Joyce likens the activity to visiting a cloud forest – the goal is to observe nature up close. “But you don’t expect to be able to see the Pacific Ocean from there,” he explains.

Perhaps oddly, that lesser visibility translates into ample marine life in this nutrientrich sector of the Pacific coast and creates some unexpected tradeoffs about where and when to partake of the sport.

The December-April dry season, corresponding to Costa Rica’s high tourist season, means trade winds that hit the ocean surface strongly, according to Joyce. That causes an upwelling in which cold water moves toward the surface, circulating nutrients.

This attracts marine life, but means slightly cloudier waters.

It also means chillier water – expect temperatures of 20-23 degrees Celsius (68-74 Fahrenheit) December to March, compared to 25-29 C (78-86 F) the rest of the year, according to Beckers – and the winds might mean a choppier boat ride to the dive site.

The low tourist season means less wind, less water circulation and better visibility, Joyce says – plan on 80 feet at this time of year, instead of the 20 feet the dry season offers – but there really is no bad time of year to go diving in Guanacaste.

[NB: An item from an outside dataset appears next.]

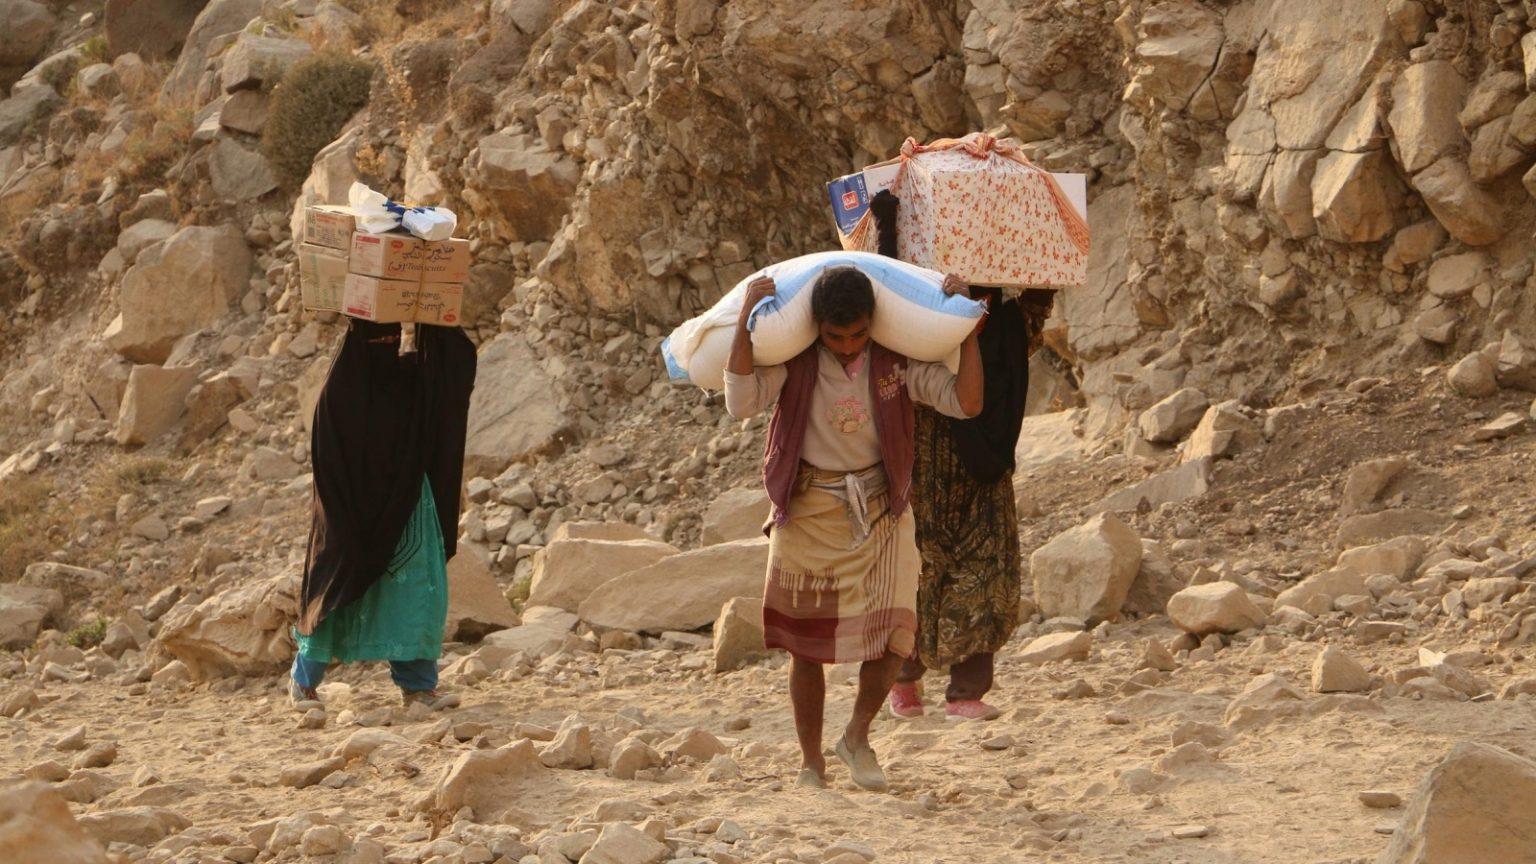 Relief efforts in Yemen

The biodiversity accompanying diving –white-tipped sharks and sting rays, manta rays, really, all types of rays, sea turtles and spotted and bottle-nosed dolphins are all visible up here – makes it not just another water sport like jet skiing, according to Joyce, who is working with local communities to seek ways to provide economically viable alternatives to fishing (TT, Apr. 22, 2005).

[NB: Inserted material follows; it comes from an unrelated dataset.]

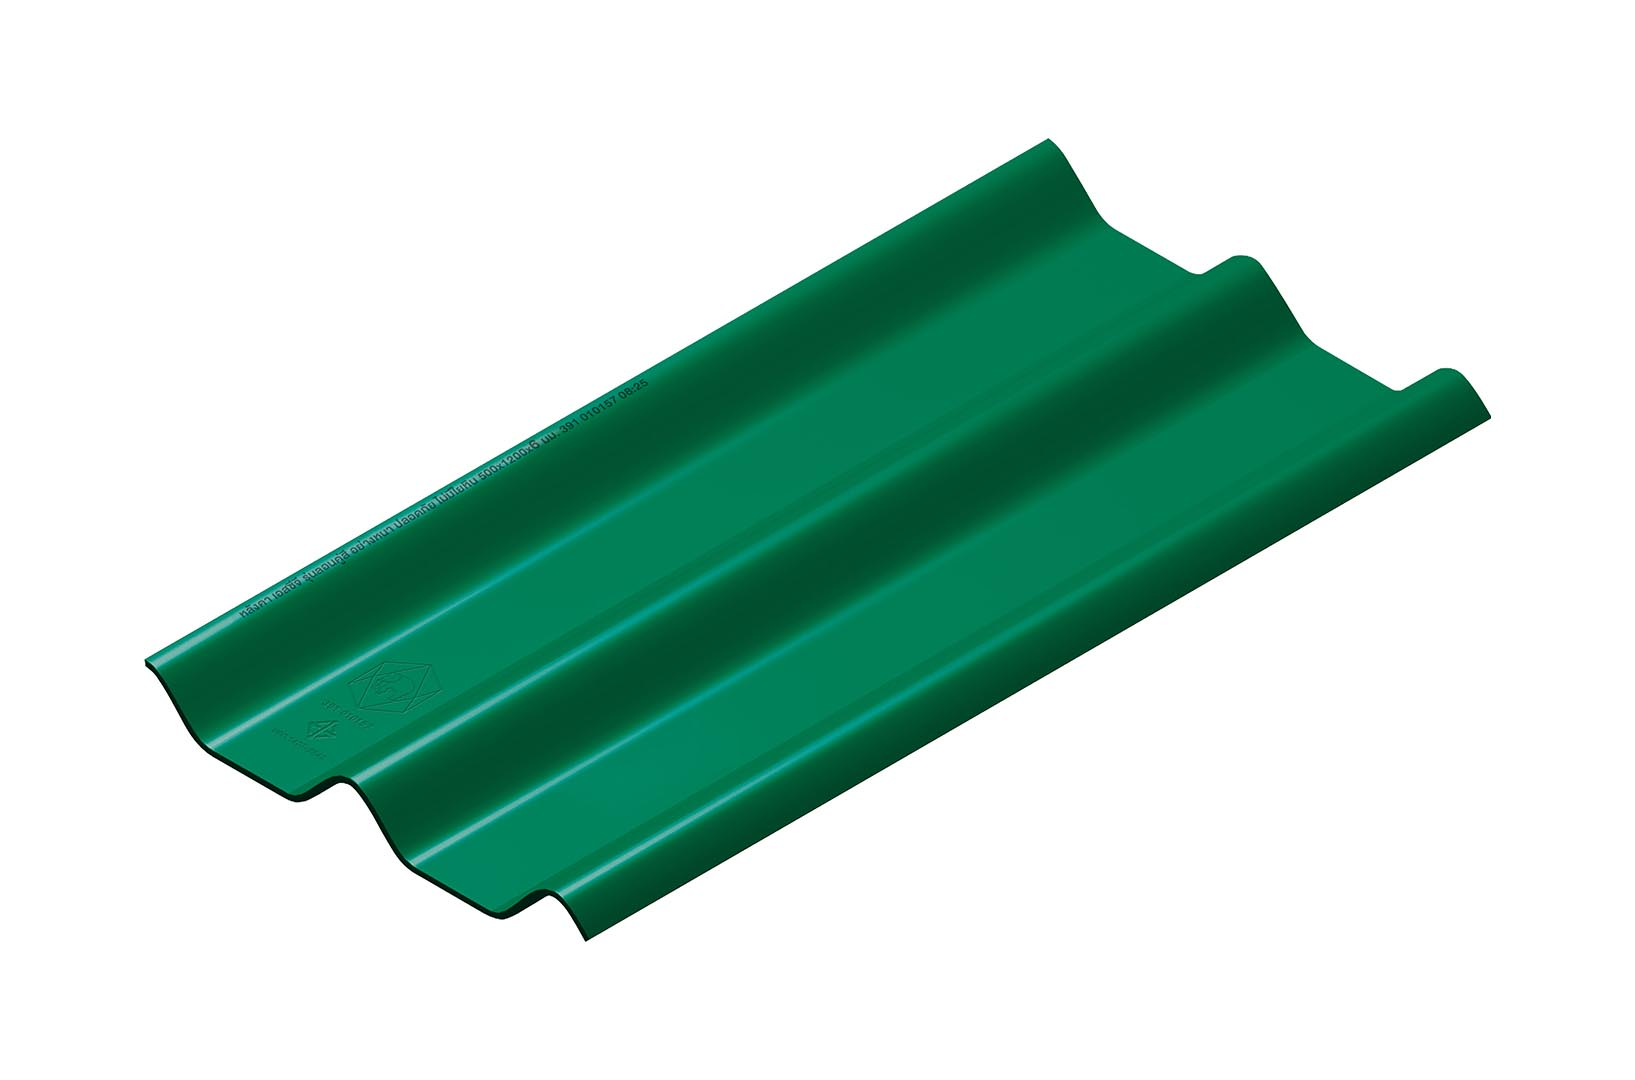 หลังคาไฟเบอร์ซีเมนต์ เอสซีจี รุ่น ลอนคู่ไฮบริด 50x150x0.55 สีเขียว

The CatalinaIslands, with ghostly manta rays that congregate from January to April, and the bull shark-populated MurciélagoIslands remain Guanacaste’s two most famous long-range dive sites. But closer in lie many sites, such as Punta Gorda, Bajo Tiburones, Virador and Los Meros, all approximately 10 kilometers off the coast, and a 20-25 minute boat ride – quite a short journey in diving circles.

Minor Lara of the Cuajiniquil-based Reef del Norte frequently takes divers to the wreck site of a Spanish ship that sank in 14-meter water just off the northern coast at Playa Blanca during World War II. A second wreck sits in the depths of nearby Bahía Salinas, but extremely dark waters mean he doesn’t bother with that site.

Realistically, diving’s southernmost limits on the northern Pacific coast lie at the Las Baulas National Marine Park, according to Toni Onofri of Tamarindo’s AguaRicaDivingCenter. The decision by the Costa Rican Fisheries Institute (INCOPESCA) to permit fishing within the park’s boundaries risks decreasing the amount of marine life, but has not yet done so, she says.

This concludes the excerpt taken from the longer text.